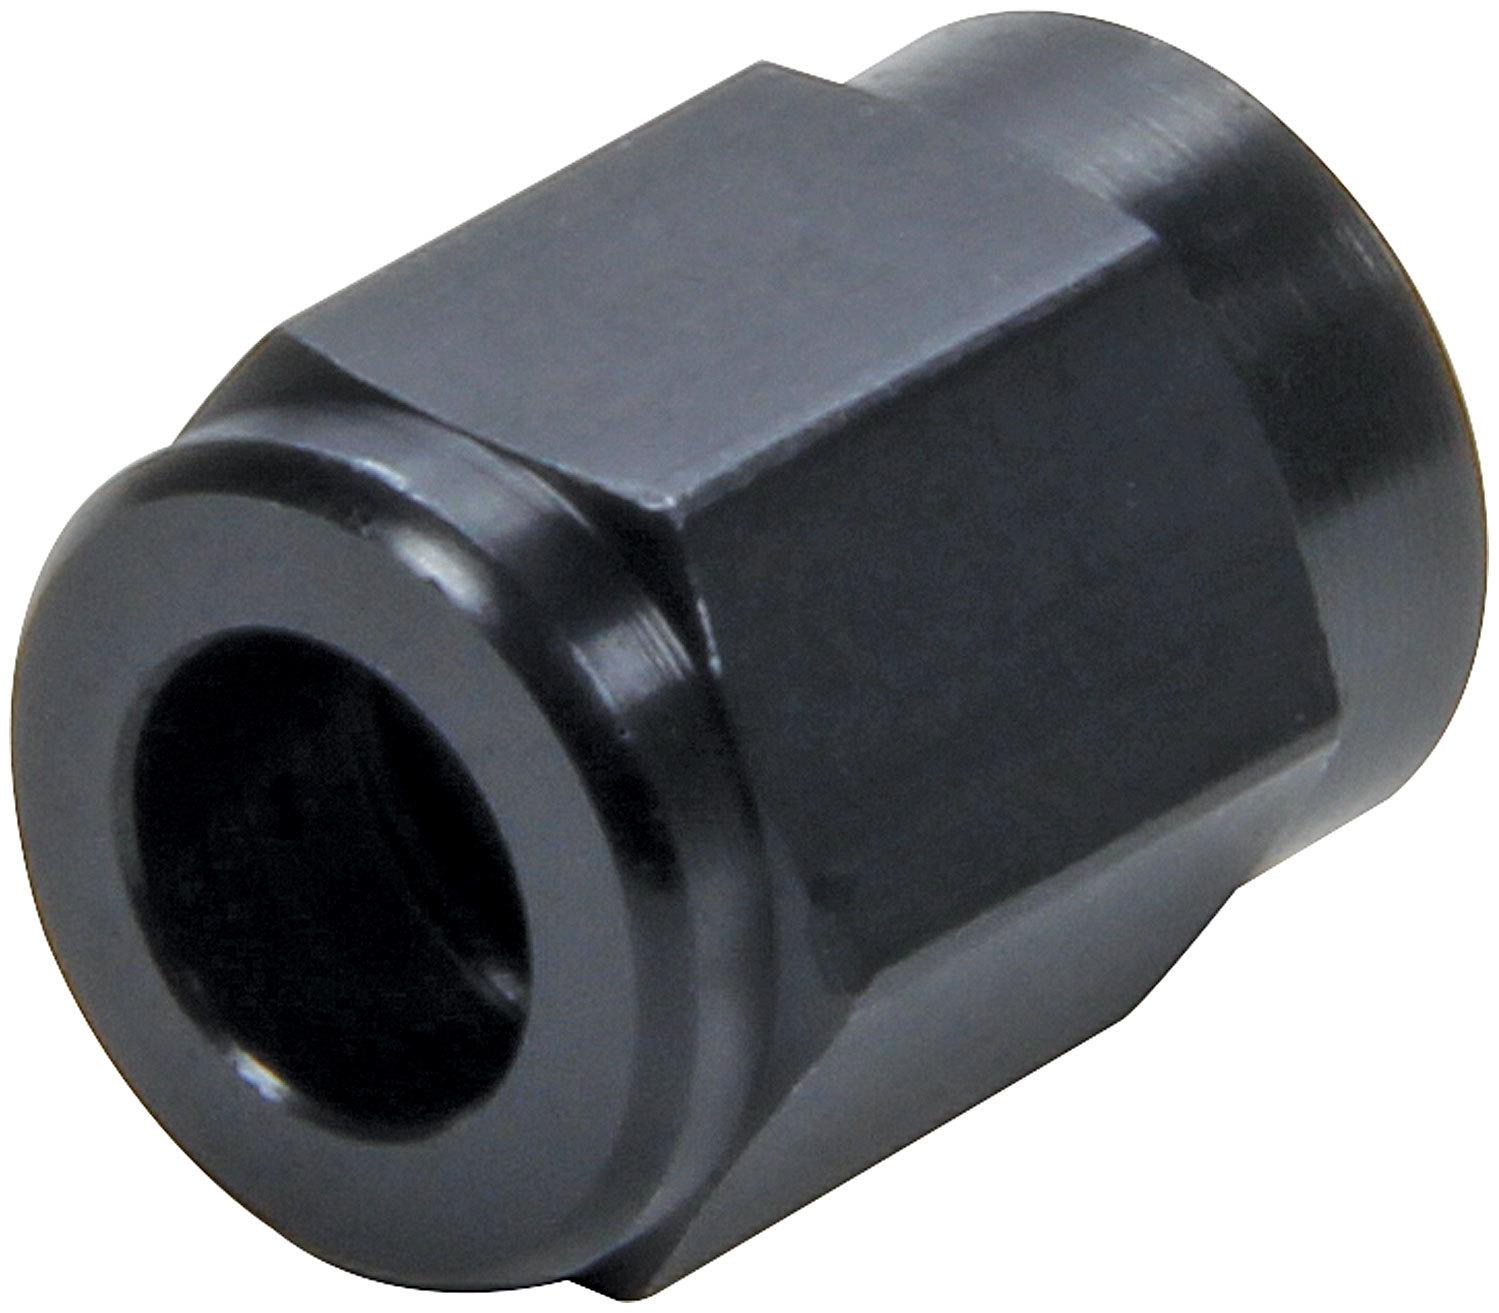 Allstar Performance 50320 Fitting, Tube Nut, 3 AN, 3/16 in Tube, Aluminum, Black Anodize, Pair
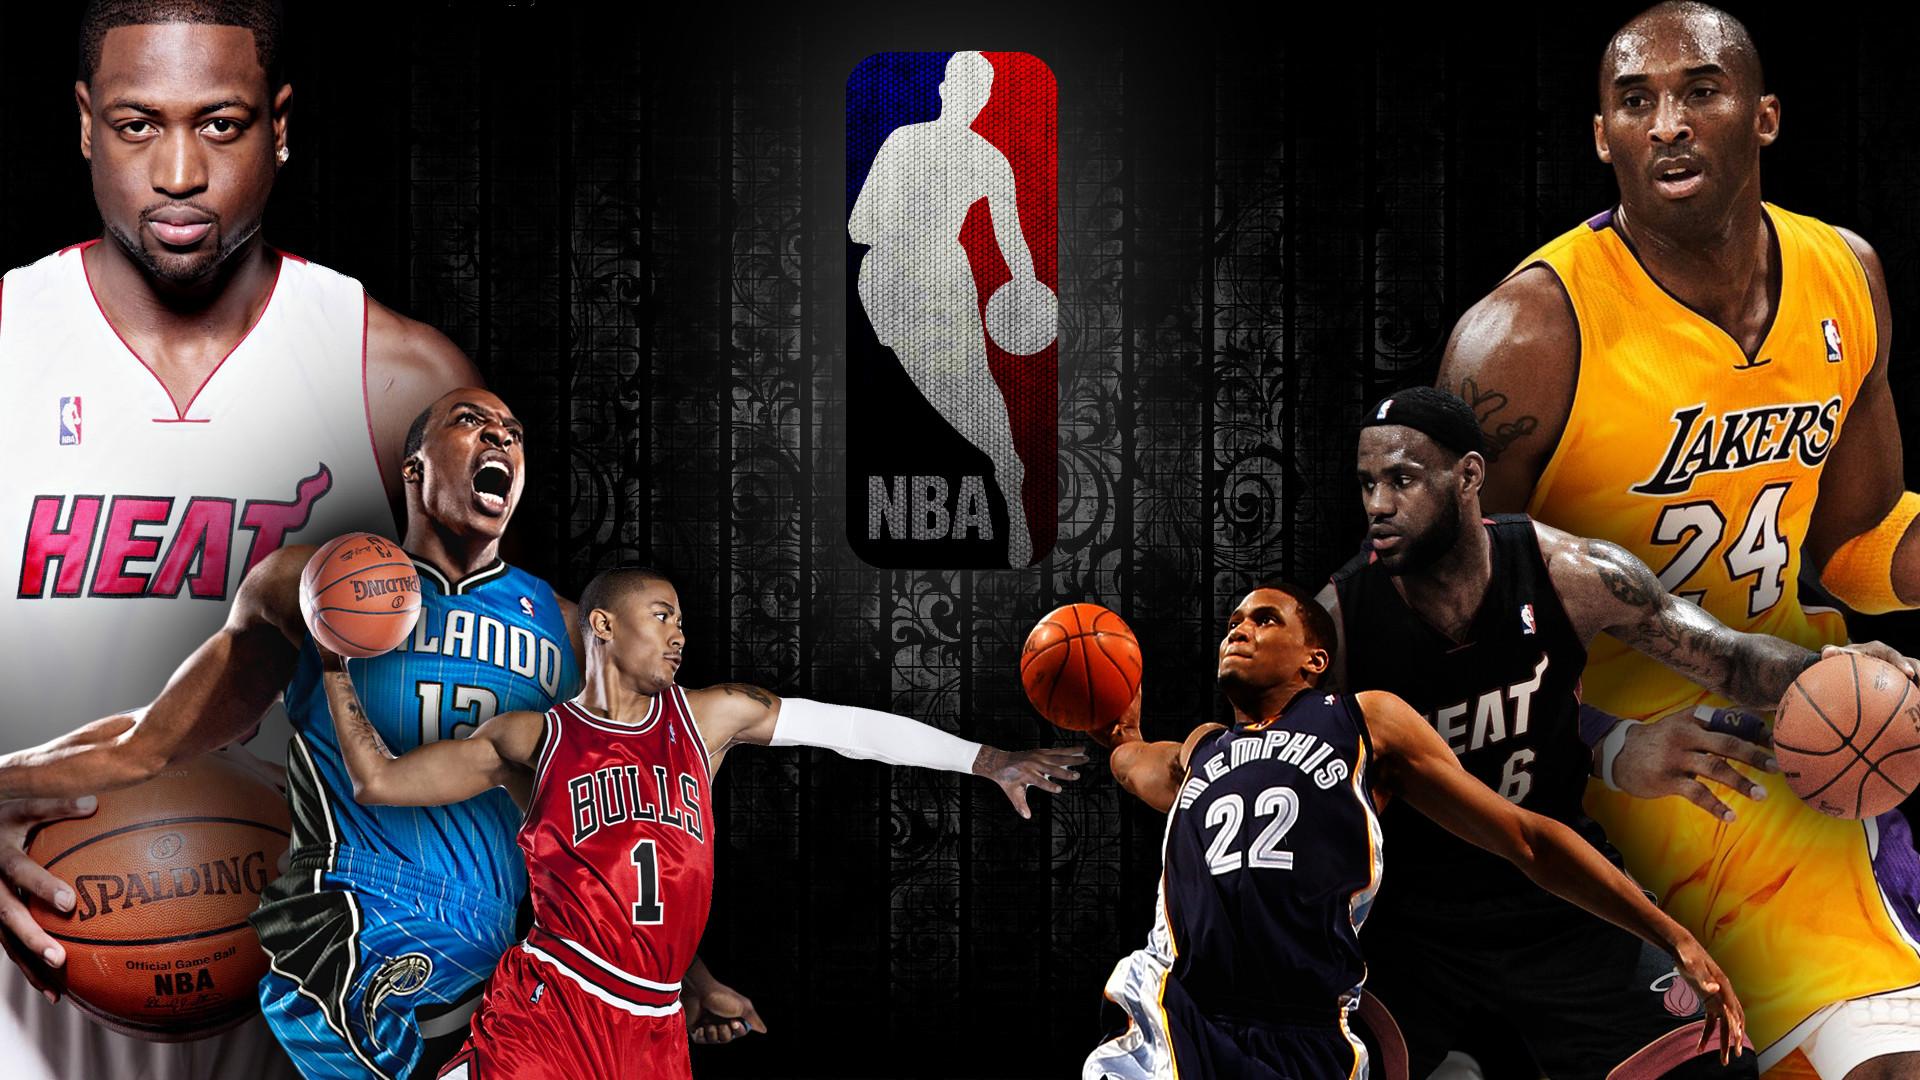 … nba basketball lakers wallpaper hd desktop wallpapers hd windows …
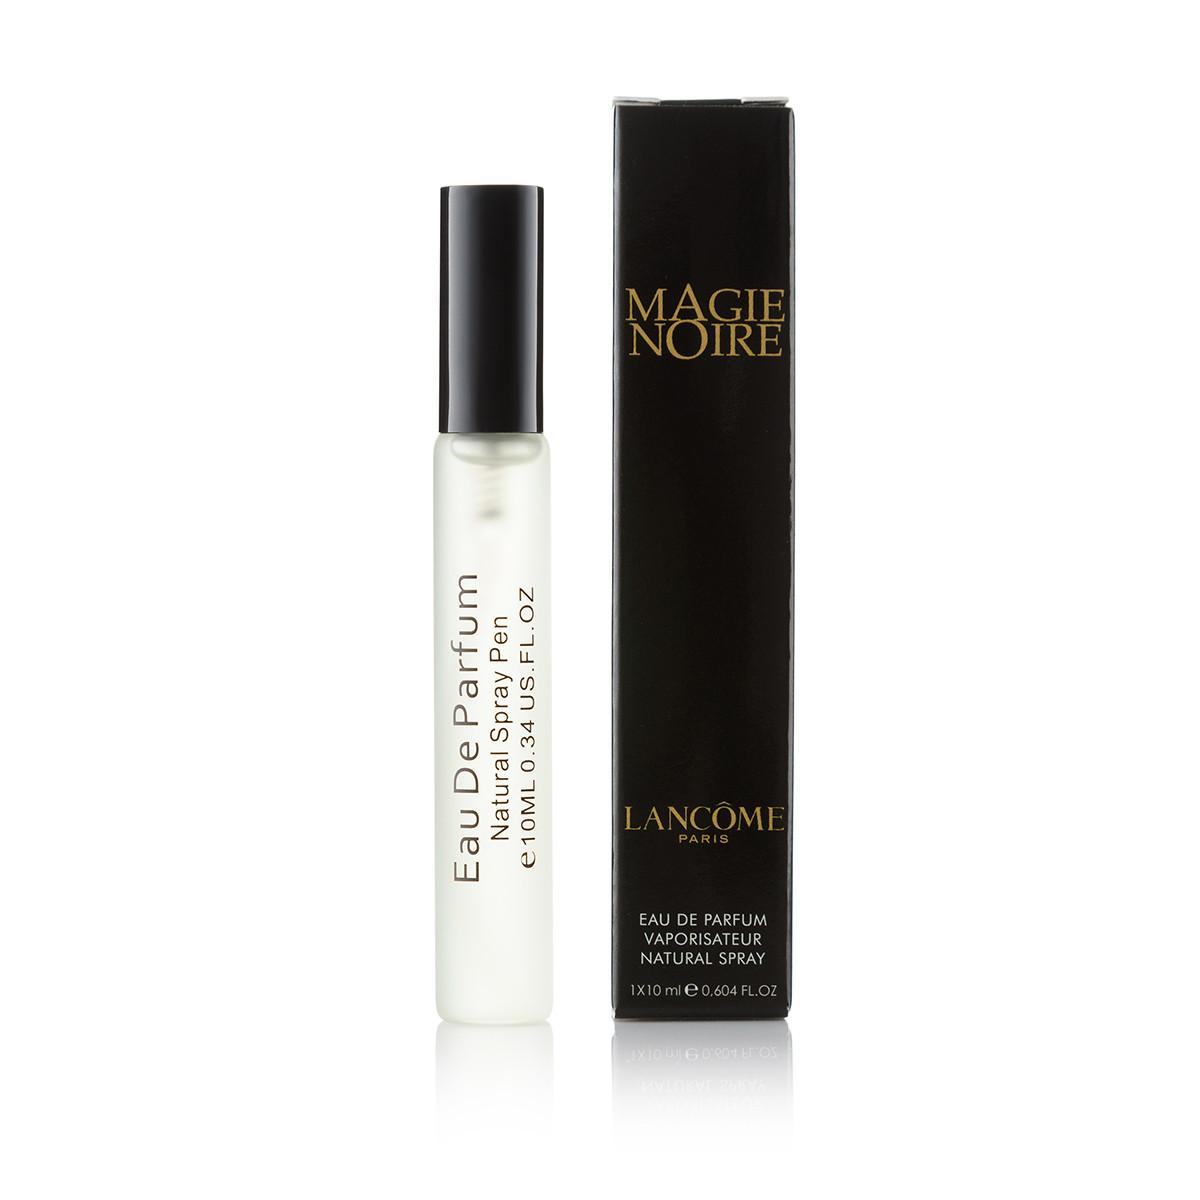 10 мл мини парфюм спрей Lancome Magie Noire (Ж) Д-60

####

= What you should do =
The whole listing should be restated word for word, with no pictures.

= Answer to the exercise =
 Allstar Performance 50320 Fitting, Tube Nut, 3 AN, 3/16 in Tube, Aluminum, Black Anodize, Pair
 … nba basketball lakers wallpaper hd desktop wallpapers hd windows …
 10 мл мини парфюм спрей Lancome Magie Noire (Ж) Д-60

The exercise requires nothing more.